* [Dataset excerpt]
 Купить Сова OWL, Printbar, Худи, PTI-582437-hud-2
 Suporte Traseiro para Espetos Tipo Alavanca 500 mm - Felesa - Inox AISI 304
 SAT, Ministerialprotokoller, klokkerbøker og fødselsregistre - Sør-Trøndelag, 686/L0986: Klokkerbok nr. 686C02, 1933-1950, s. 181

* [Exercise goal] The line with "Suporte Traseiro para", plus every line after it through the end of the listing, needs to be repeated exactly; nothing else belongs in the reply.

* [Worked solution]
 Suporte Traseiro para Espetos Tipo Alavanca 500 mm - Felesa - Inox AISI 304
 SAT, Ministerialprotokoller, klokkerbøker og fødselsregistre - Sør-Trøndelag, 686/L0986: Klokkerbok nr. 686C02, 1933-1950, s. 181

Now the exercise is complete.